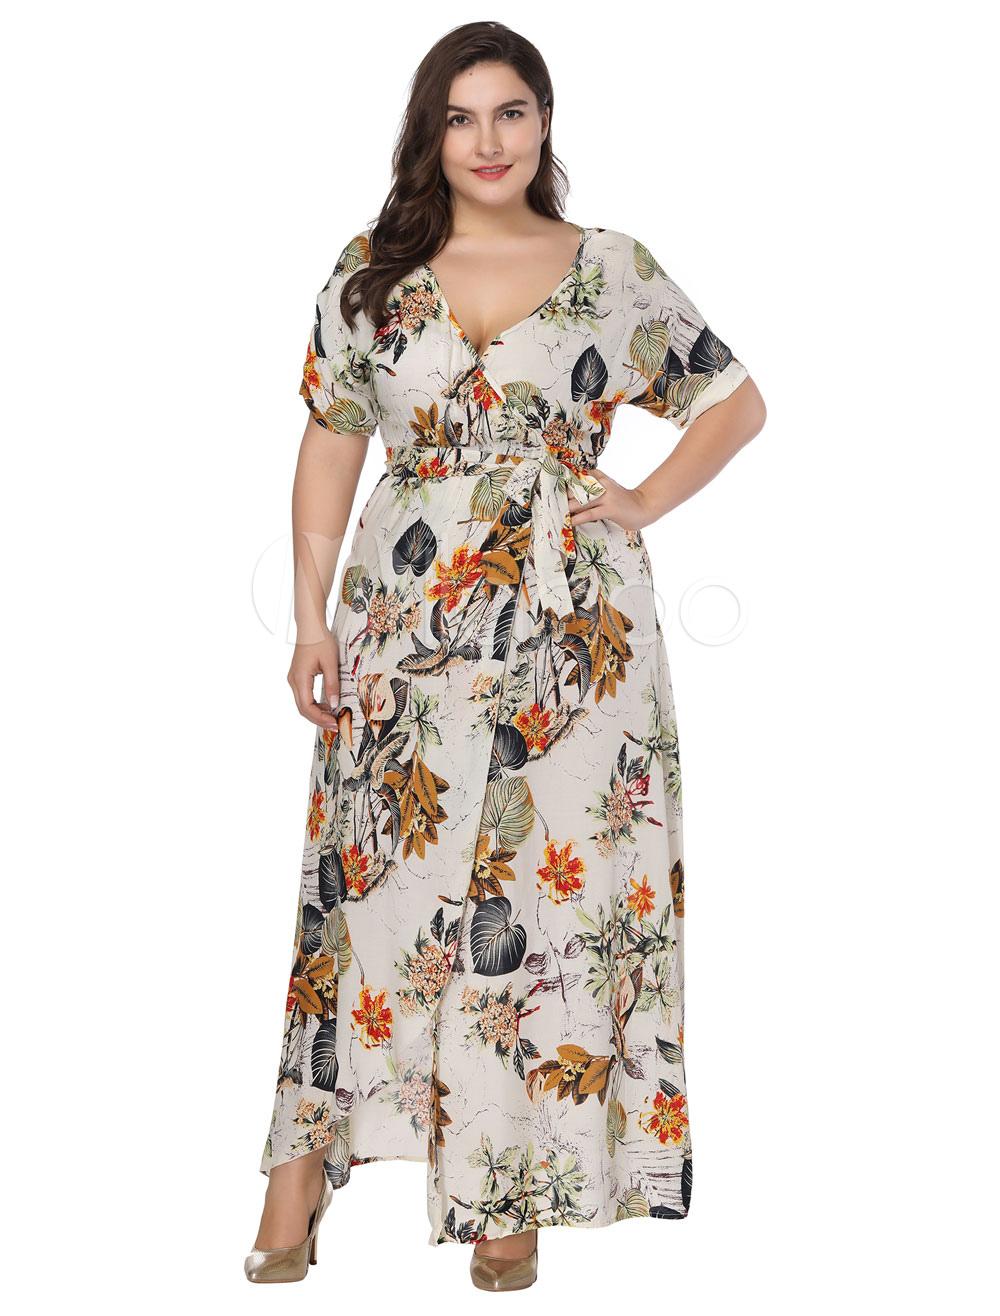 Plus Size Dress Floral Maxi Dress Women Split Short Sleeve Oversized Summer Dress
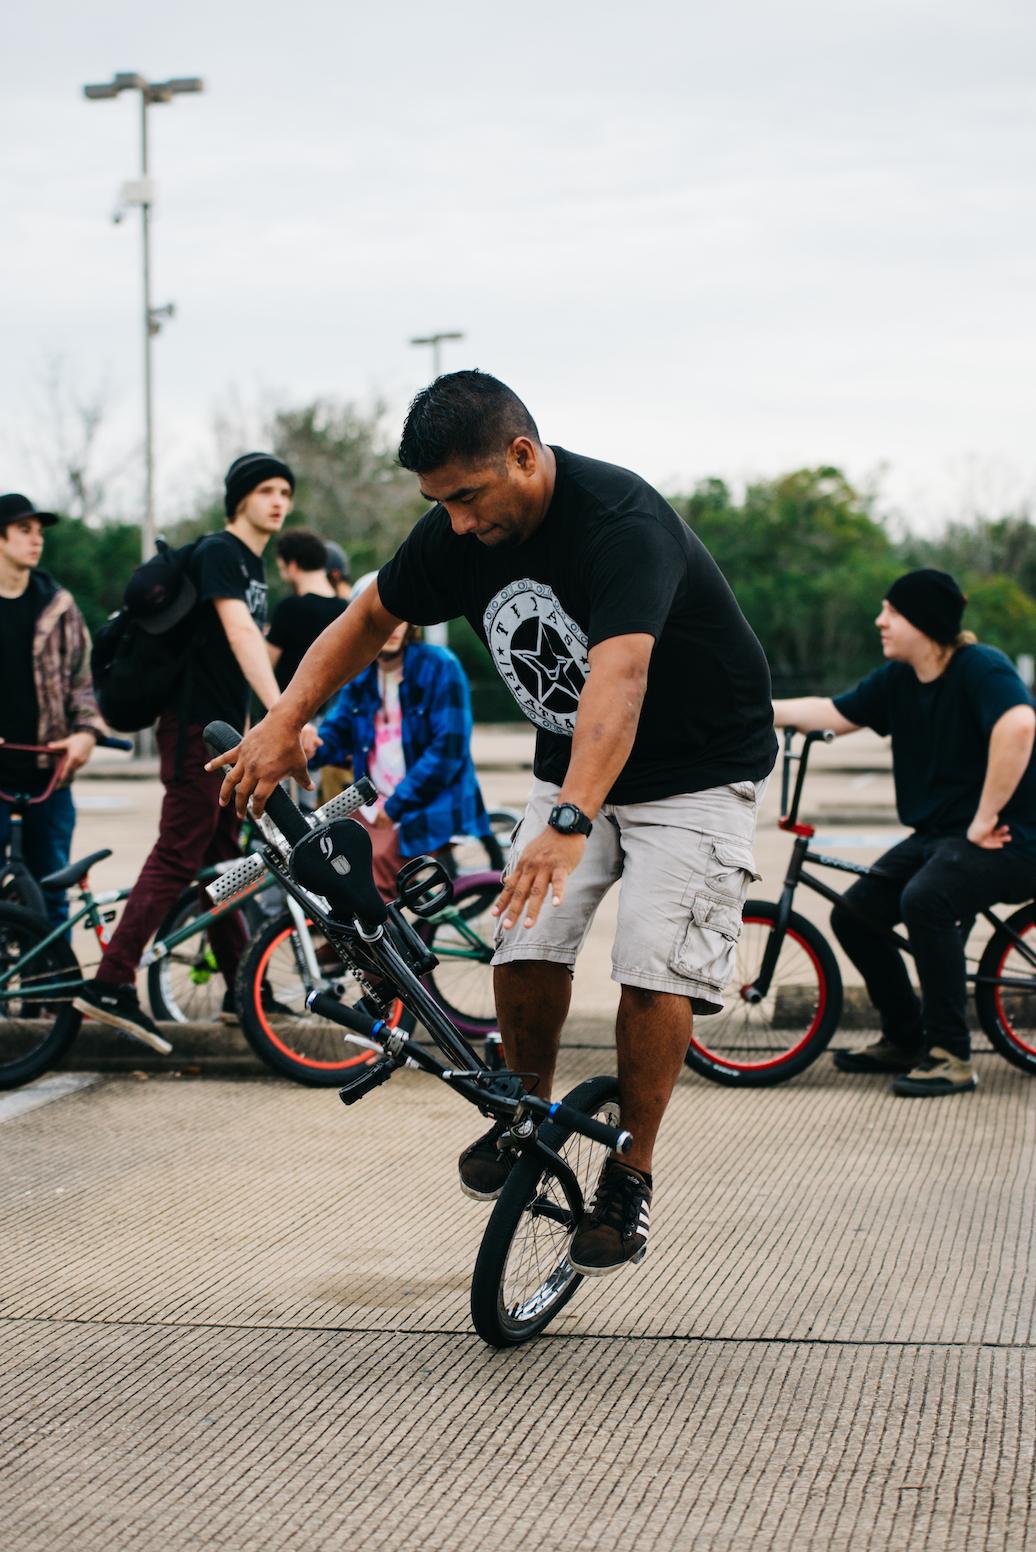 180107 sunday street rides_KirbyCrumpler_HALF_4.jpg
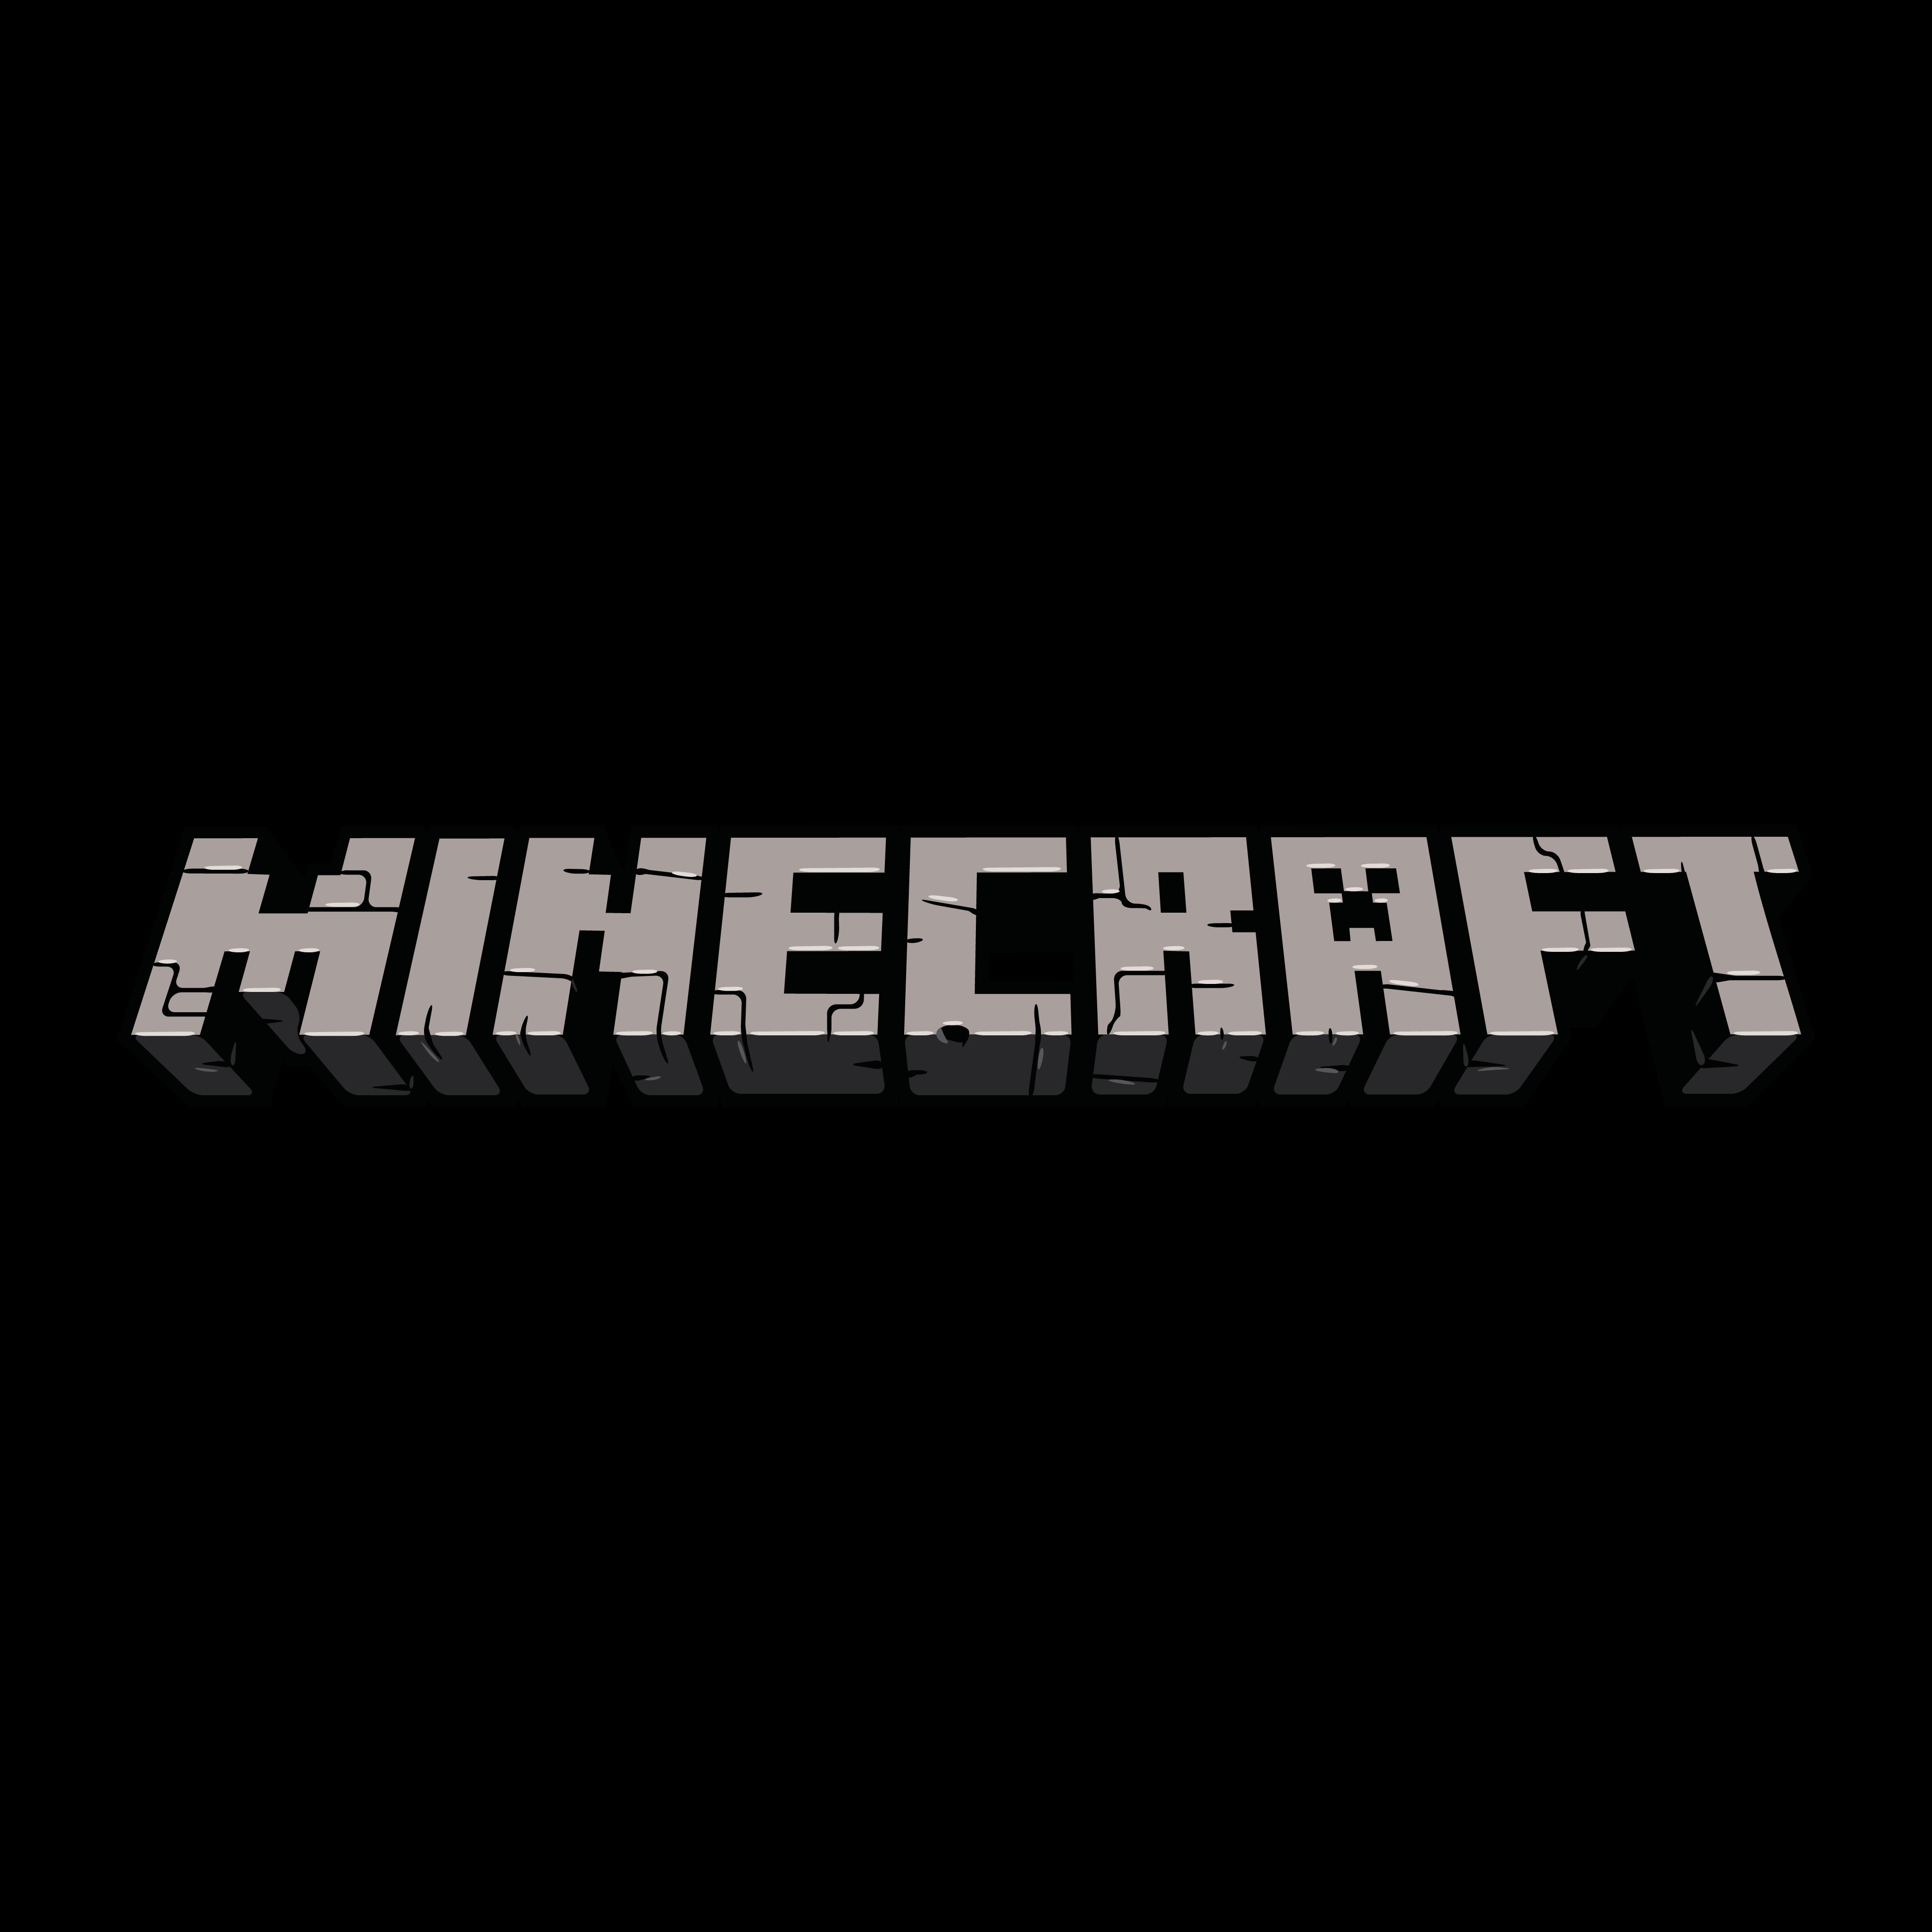 Logo Minecraft - Logos PNG

—————

■ **TASK DETAILS**
Return exactly the lines starting at the line with "180107 sunday street" and ending at the last line of the listing, both ends included; pictures are to be left out.

■ **YOUR SOLUTION**
 180107 sunday street rides_KirbyCrumpler_HALF_4.jpg
 Logo Minecraft - Logos PNG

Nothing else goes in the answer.